If their ORT funding falls off, the schools might be in danger of reverting to state-run schools with a six-day school week, which includes Saturdays, said Boris Notkin, the principal of No. 550 in St. Petersburg. The children currently do not attend school on Saturdays, taking instead a five-day school week with longer days.

ORT was founded in St. Petersburg in 1880 as a work initiative that sought to retrain Jews in agriculture and manufacturing. Today, the group has sharpened its focus on providing greater access to technology in Jewish schools.

The dual mission is evident at No. 550, where one floor is devoted to computer labs and another to chalkboards inscribed with the Hebrew alphabet.

In July, representatives from the Jewish Agency delivered a shock-and-awe message to the Israeli Cabinet: Soviet Jewry as it now exists could be extinct within one generation at current rates of assimilation. One solution centered on bolstering Jewish education in the diaspora to increase identification.

Shortly after this Cabinet meeting, however, with the school year on the horizon, the Jewish Agency sent memos to all its schools in the former Soviet Union saying they were forced to cut $1.2 million in Jewish education programs through ORT for the foreseeable future, Ganon said.

That sent schools across the former Soviet Union scrambling to replace a significant portion of ORT’s $7 million budget in the region.

Alex Katz, the Jewish Agency’s representative to the former Soviet Union, said that the budget cuts were unavoidable in the current financial atmosphere. They were part of the normal budget process and a recent round of cuts, he said.

World ORT draws its funding from federations in the United States and other international groups, but like all Jewish charities in the region, it is seeking to increase its donor base with local funders.

But the financial crisis has strained locals and squeezed donations from abroad.
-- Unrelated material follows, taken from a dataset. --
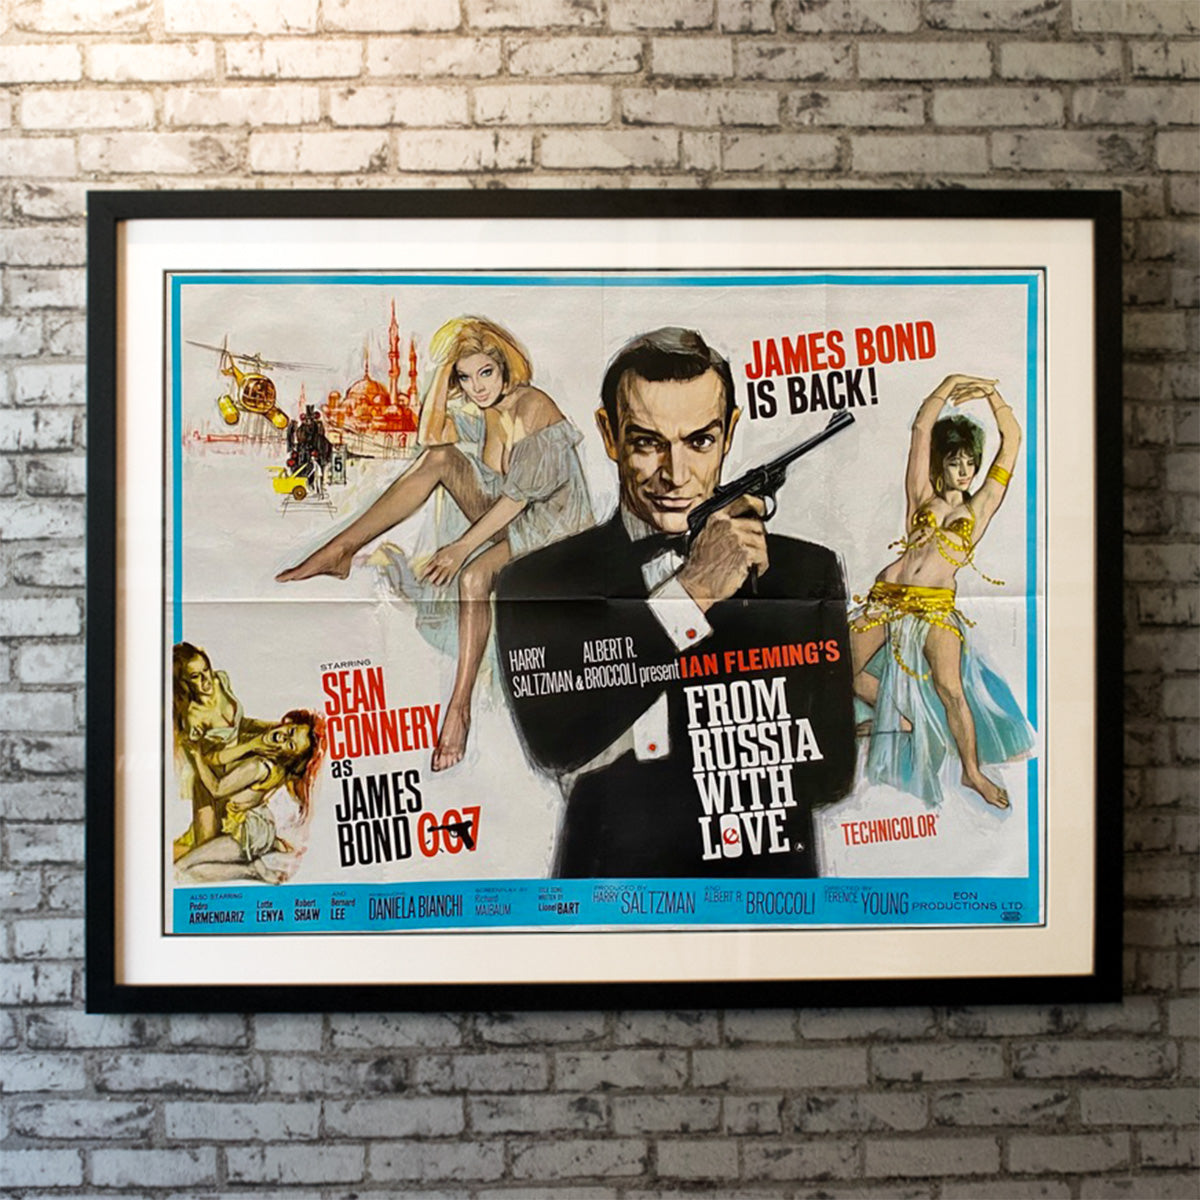 Original Movie Poster of From Russia With Love (1963)

Svetlana Kosareva, the principal of an ORT school in Samara, Russia, said that the lack of Heftsiba funding threatened the very existence of her school. Already Jewish children from the rural areas around Samara are not attending because the bus is no longer operating.

“With no buses and no Jewish studies, kids will drop out to attend a nearby regular school,” Kosareva said. “Teachers of Jewish studies, with all their enthusiasm, cannot work for free and will have to search for different jobs.”